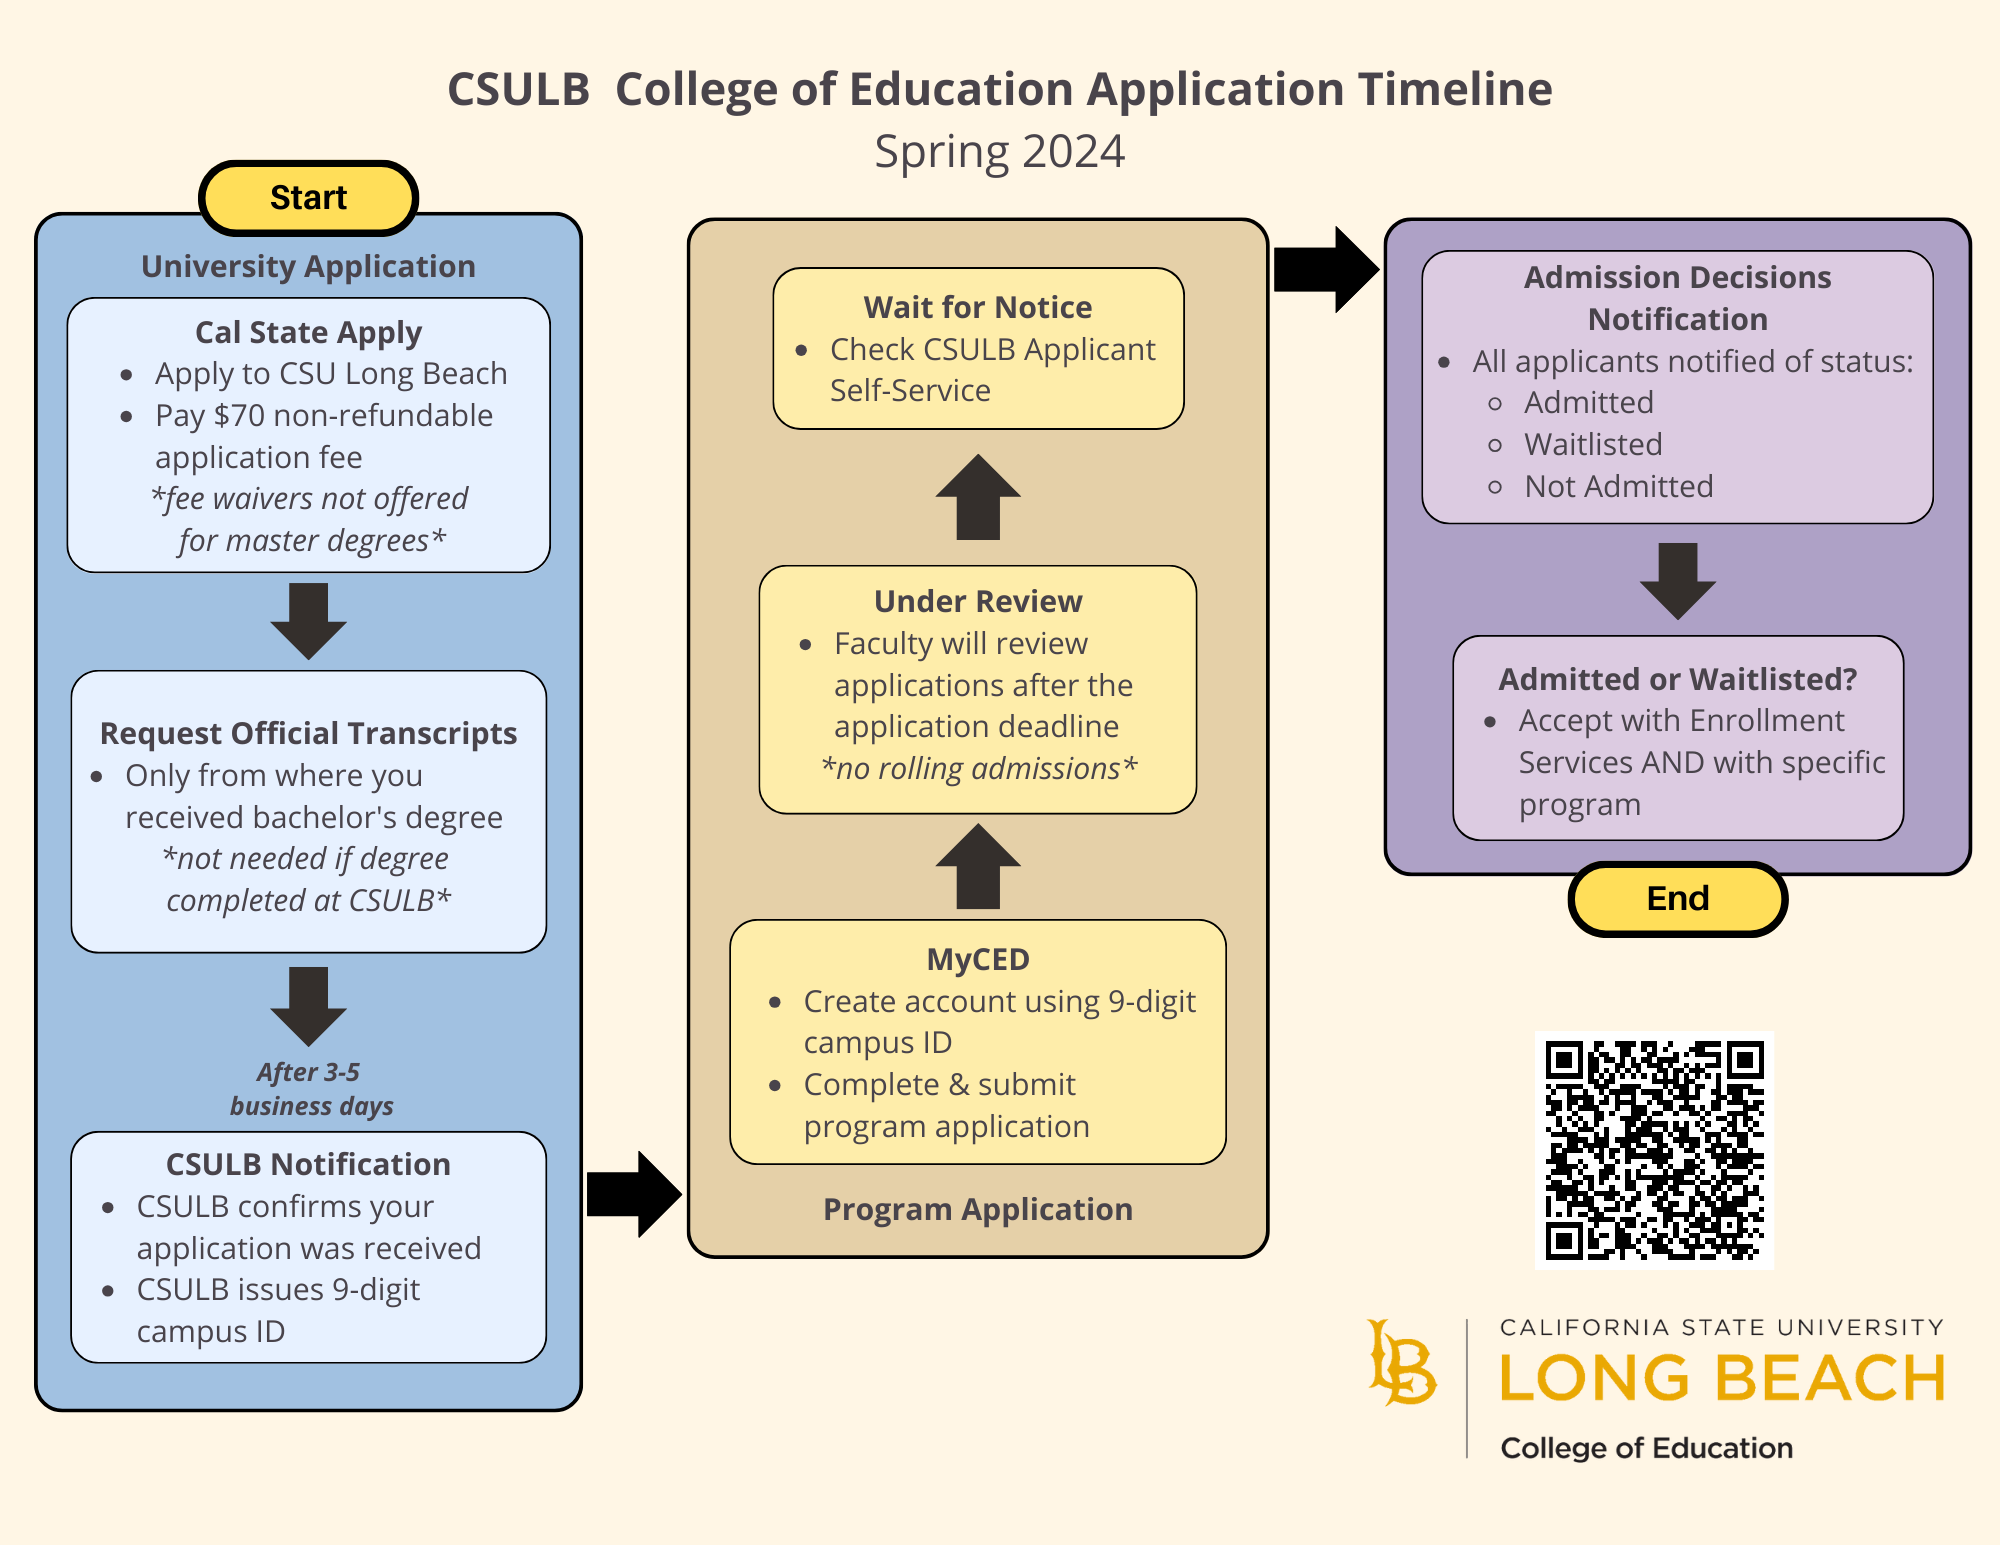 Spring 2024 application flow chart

...

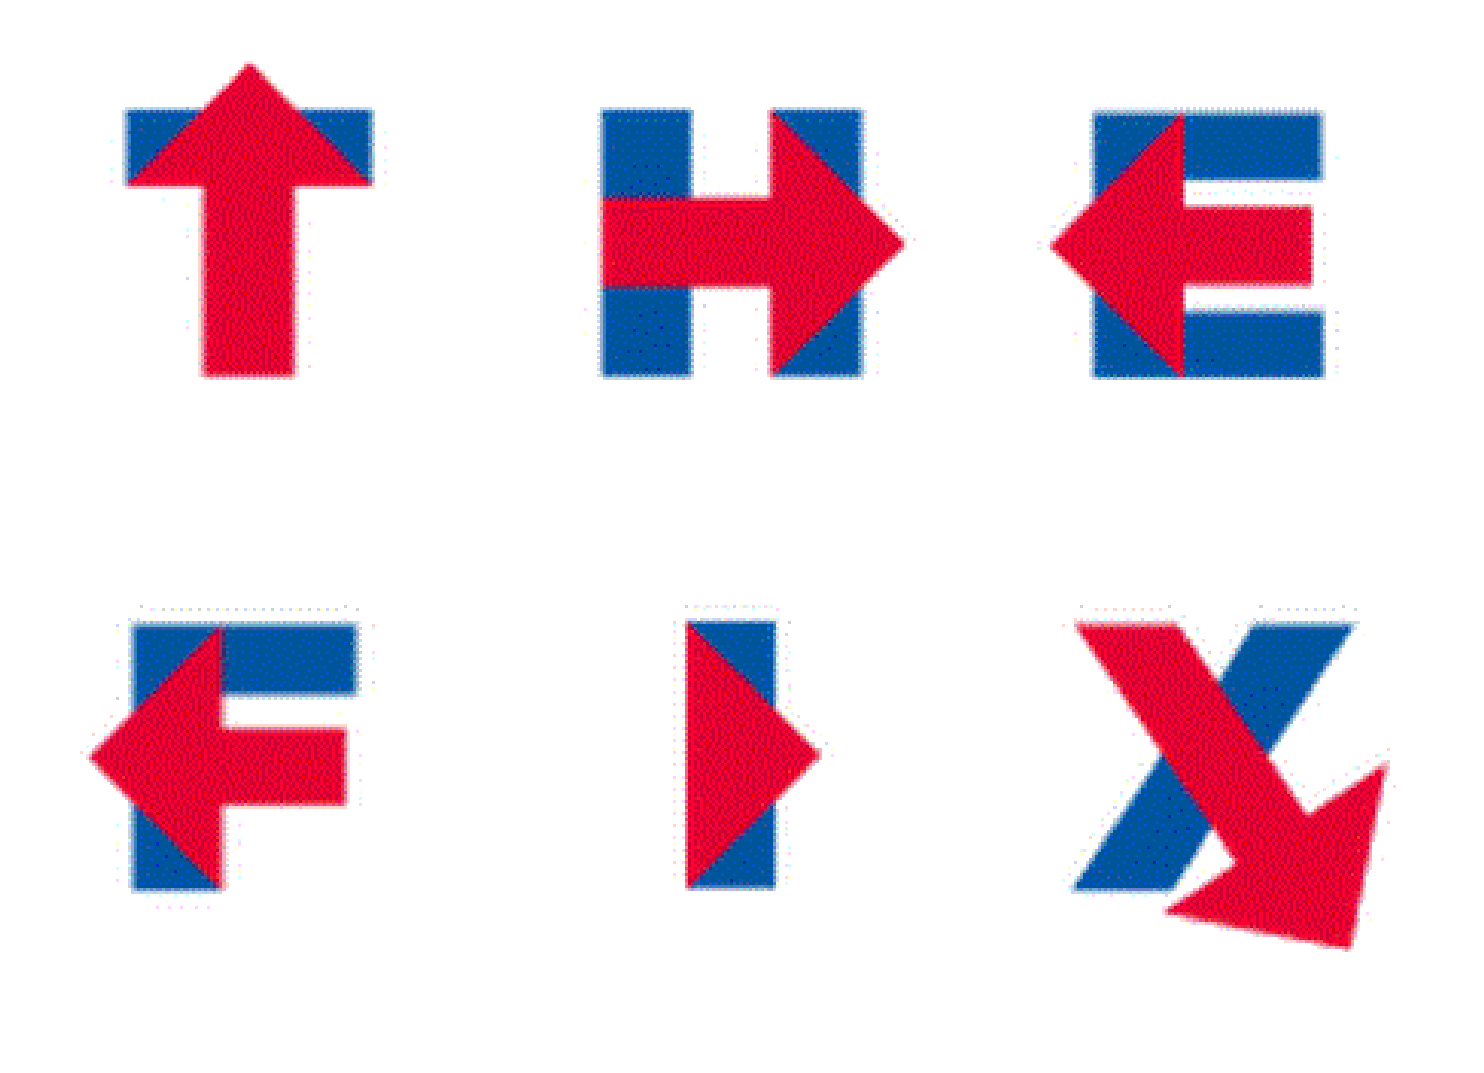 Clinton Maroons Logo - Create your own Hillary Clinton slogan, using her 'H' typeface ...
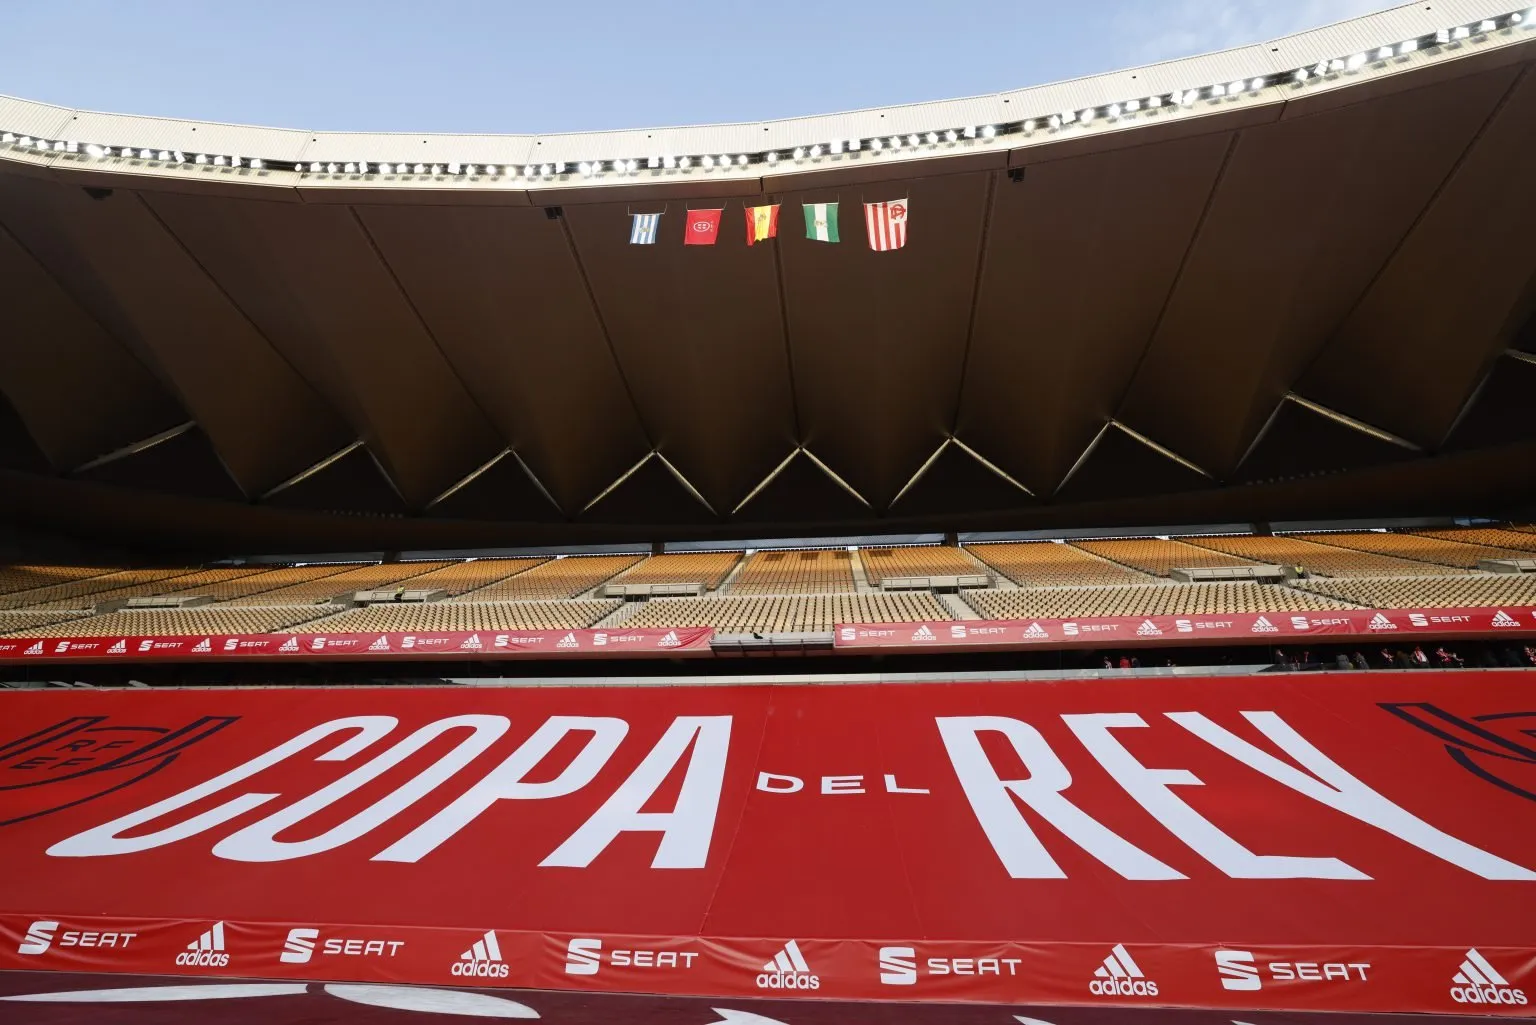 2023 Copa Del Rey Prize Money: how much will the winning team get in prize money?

■ Exercise goal: Find the line with "Clinton Maroons Logo" in the data above, and from there retype each line exactly through the line with "2023 Copa Del", skipping the pictures along the way.

■ Answer for this exercise:
 Clinton Maroons Logo - Create your own Hillary Clinton slogan, using her 'H' typeface ...
 2023 Copa Del Rey Prize Money: how much will the winning team get in prize money?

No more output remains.